The bank reported N915.2billion customer deposits as at June 30, 2020 from N892.7billion reported in full year ended December 31, 2019.

As customer deposits appreciated, the lender’s loans & advances to customers dropped by 0.6 per cent to N615.1billion as at H1 2020 from N618.7billion reported in 2019.

Despite decline in loans & advances to customers, Sterling bank reported 9.5 per cent increase in total assets from N1.18trillion in 2019 to N1.29trillion as at H1 2020.

In terms of assets quality, the lender reported Non-Performing Loan (NPL) of 2.1 per cent from 2.2 per cent reported in 2019 while Capital Adequacy Ratio closed H1 2020 at 15.6 per cent from 14.7 per cent reported in 2019.

Chief Executive Officer, Sterling Bank, Abubakar Suleman in a statement said, “Our impressive half year performance in the face of the COVID-19 pandemic and the ensuing economic disruption belies the rough seas ahead. In the second quarter of the reporting period, we focused on empowering our stakeholders to respond to the unprecedented disruption occasioned by prolonged restriction to movement while supporting them to adapt to new ways of banking.

“Our commitment to digitization was validated as we continued to serve existing & new customers through our mobile and digital platforms. We also responded to the uncertainty by doubling down on cost optimization while leveraging our existing remote work policy to keep our workforce productive without risking COVID-19 infection.

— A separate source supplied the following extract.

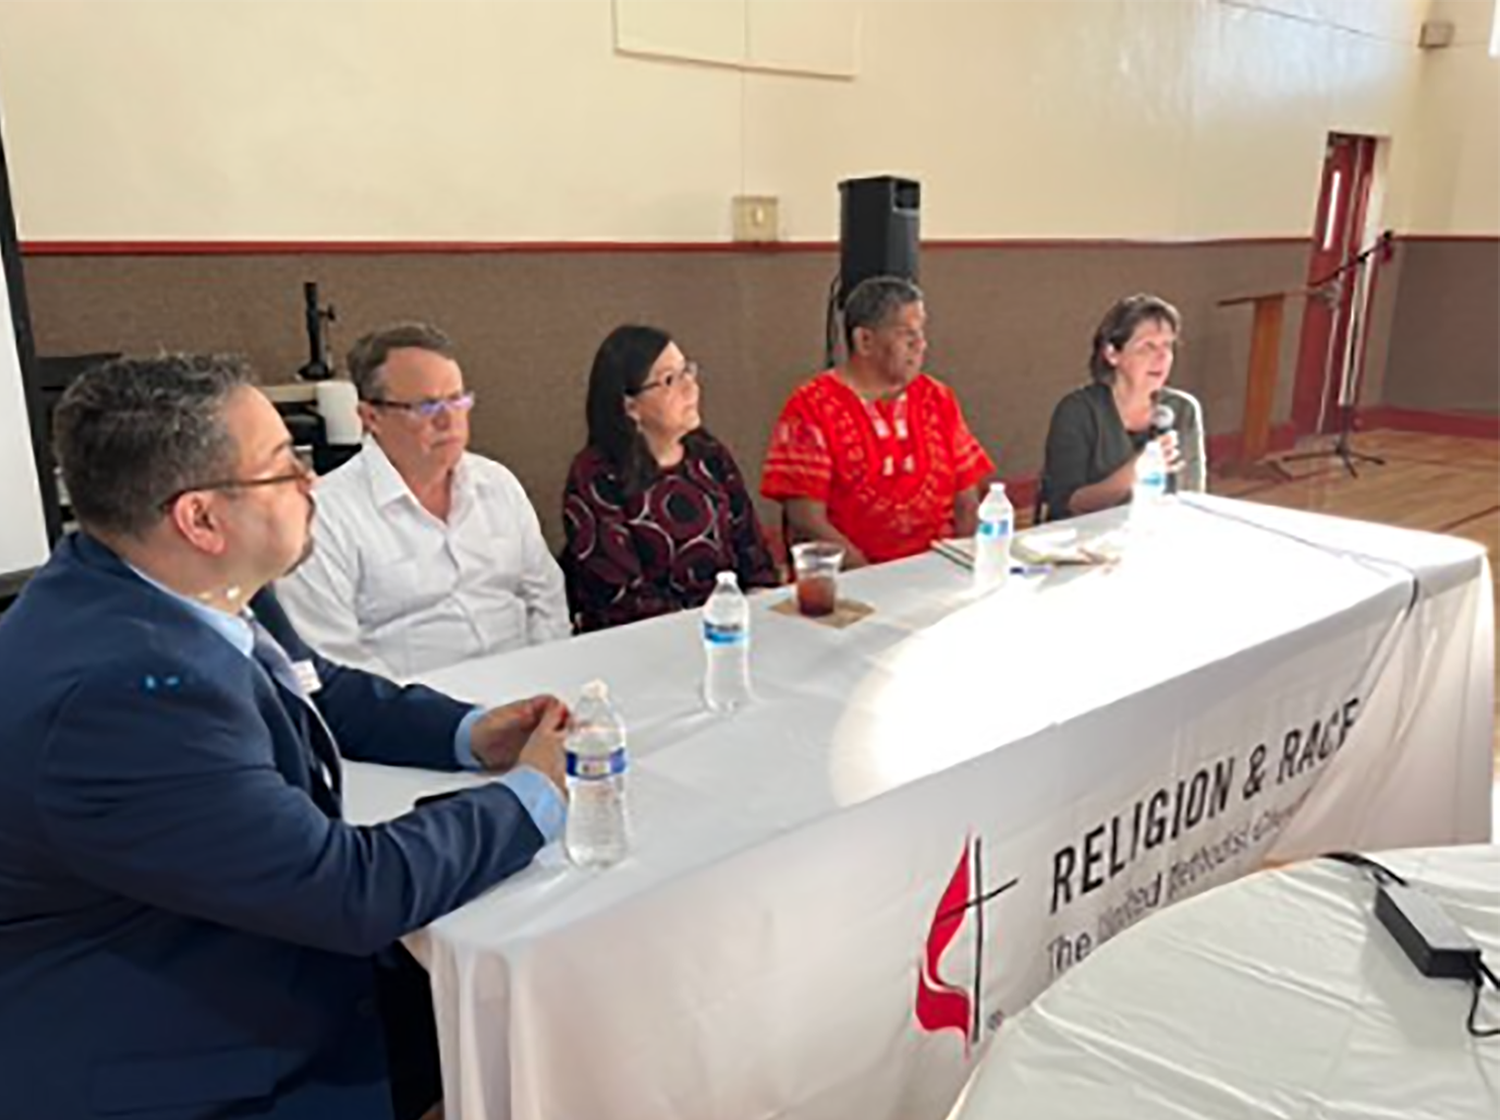 El Rev. Dr. Giovanni Arroyo secretario general de GCORR, al extremo izquierdo, dirige un panel de discusión con los/as reverendos/as John Feagins, Raquel Feagins, James Amerson y Cynthia Engstrom, de izquierda a derecha. Foto cortesía de GCORR.

Notwithstanding rising inflation, we were able to moderate operating expenses during H1 2020 to deliver a net profit comparable to the first half of 2019.

“In the second half of the year, our focus remains the same; retooling our employees to function optimally while observing social distancing, enhancing our execution capacity and enabling our customers to thrive in the middle of a pandemic. We will continue to focus on the sectors that are critical to the well-being of the economy, or as we call it, the HEART sectors (Health, Education, Agriculture, Renewable Energy and Transportation).”